Monday, August 31, 2009

Kennedy Tried To Undermine Two US Presidents

Remembering Teddy’s KGB Connection
by Connie Hair


The death of Sen. Edward M. “Teddy” Kennedy this week marks the end of an American political era colored in crayon by the media-generated notion of American royalty. Ted Kennedy will be laid to rest at Arlington Cemetery, the last of the three Kennedy brothers who once dominated the American political landscape, and the only one of the four Kennedy brothers to live to see his fifties.

As his fellow liberals attempt to shove the national takeover of health care through Congress, even suggesting renaming the bill after Kennedy in a memorial tribute, it becomes urgent to set aside the perfunctory kind words one usually says about the departed -- regardless of truth. A whitewash of Kennedy’s history cannot be used as an emotional power play to push through government-run health care in his “honor.”

I will not belabor the story of Mary Jo Kopechne, the young woman left behind in her own water torture at the hands of the late senator. That particular miscarriage of justice has come to mind for many as we all heard of Kennedy’s death this week and has even been reported as part of his sordid legacy by a few media outlets.


But Kennedy’s private outreach to the KGB Soviet intelligence agency in attempts to undermine first President Jimmy Carter then President Ronald Reagan say as much as Chappaquiddick did about the man who appeared to have no moral restraints whatsoever on his personal pursuit of raw political power.

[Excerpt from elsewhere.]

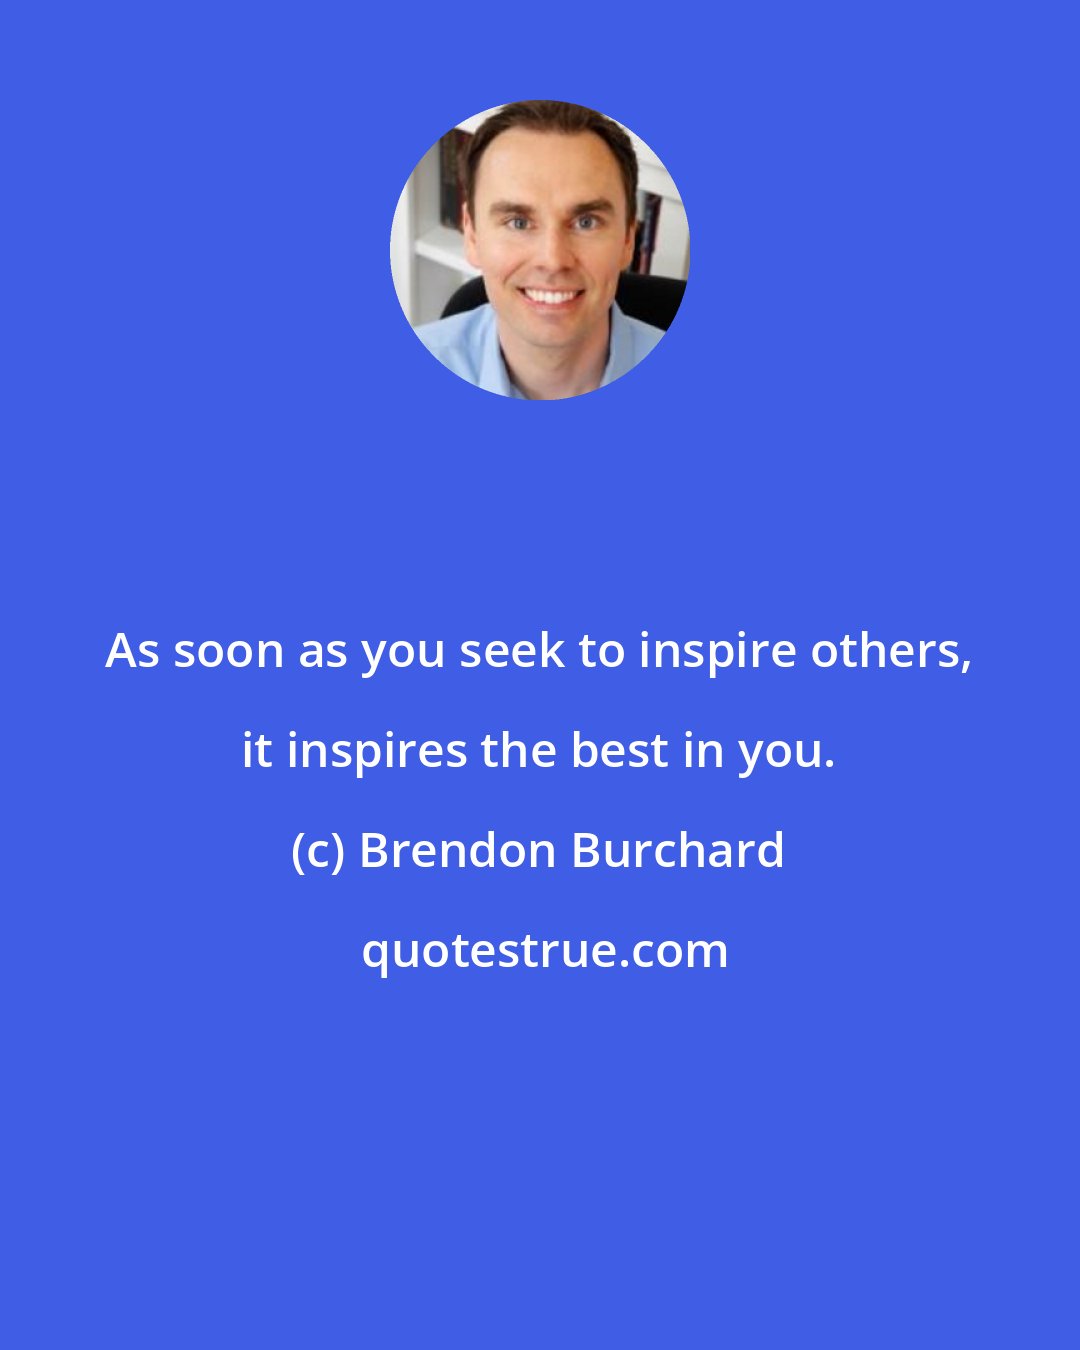 Brendon Burchard: As soon as you seek to inspire others, it inspires the best in you.

Documents found in Soviet archives after the fall of the Iron Curtain revealed a great deal about the character of Ted Kennedy.

As HUMAN EVENTS first reported on December 8, 2003:
One of the documents, a KGB report to bosses in the Soviet Communist Party Central Committee, revealed that “In 1978, American Sen. Edward Kennedy requested the assistance of the KGB to establish a relationship” between the Soviet apparatus and a firm owned by former Sen. John Tunney (D-Ca.). KGB recommended that they be permitted to do this because Tunney's firm was already connected with a KGB agent in France named David Karr. This document was found by the knowledgeable Russian journalist Yevgenia Albats and published in Moscow's Izvestia in June 1992.

Another KGB report to their bosses revealed that on March 5, 1980, John Tunney met with the KGB in Moscow on behalf of Sen. Kennedy. Tunney expressed Kennedy’s opinion that “nonsense about ‘the Soviet military threat’ and Soviet ambitions for military expansion in the Persian Gulf… was being fueled by [President Jimmy] Carter, [National Security Advisor Zbigniew] Brzezinski, the Pentagon and the military industrial complex.”

Kennedy offered to speak out against President Carter on Afghanistan. Shortly thereafter he made public speeches opposing President Carter on this issue. This document was found in KGB archives by Vasiliy Mitrokhin, a courageous KGB officer, who copied documents from the files and then defected to the West. He wrote about this document in a February 2002 paper on Afghanistan that he released through the Cold War International History Project of the Woodrow Wilson Center.
Tim Sebastian, a reporter for the London Times, found contemporaneous KGB documentation and published a story in February of 1992 of an additional communiqué by Ted Kennedy to the Soviet intelligence agency through Tunney. Full text of the letter from the appendix of Paul Kengor’s book The Crusader: Ronald Reagan and the Fall of Communism can be found here.

This time it was President Reagan in Kennedy’s crosshairs as he attempted to arrange a meeting between Kennedy and General Secretary of the Central Committee of the Communist Party of the Soviet Union Yuri Andropov.

In this May 14, 1983, letter written by underling Viktor Chebrikov to Andropov, he relayed Kennedy’s offer to meet, Chebrikov explaining that Kennedy blamed poor American-Soviet relations not on the Communist country, but on President Reagan. According to Chebrikov’s letter, Kennedy said he wanted to stop Reagan’s re-election effort in 1984.

Chebrikov’s letter also claimed that Kennedy was “very impressed” with Andropov and that Kennedy was reaching out to the Soviets to thwart Reagan’s forceful defense policies. Kennedy suggested the Soviets reach out specifically to Barbara Walters and Walter Cronkite to counter in the American media what he said Kennedy considered Reagan “propaganda.”

Chebrikov's letter to Andropov also stated that Kennedy himself had offered to travel to Moscow to meet with Andropov if he would extend an invitation.

These revelations reported in 1992 suggest insight into a man so obsessed with the acquisition of personal political power that he would reach out to the communist Soviet Union for help in undermining not one but two American presidents, one from his own political party.

Kennedy’s strong support for the government takeover of health care and the effort to pass this legislation in memorial tribute fails to warrant a second glance.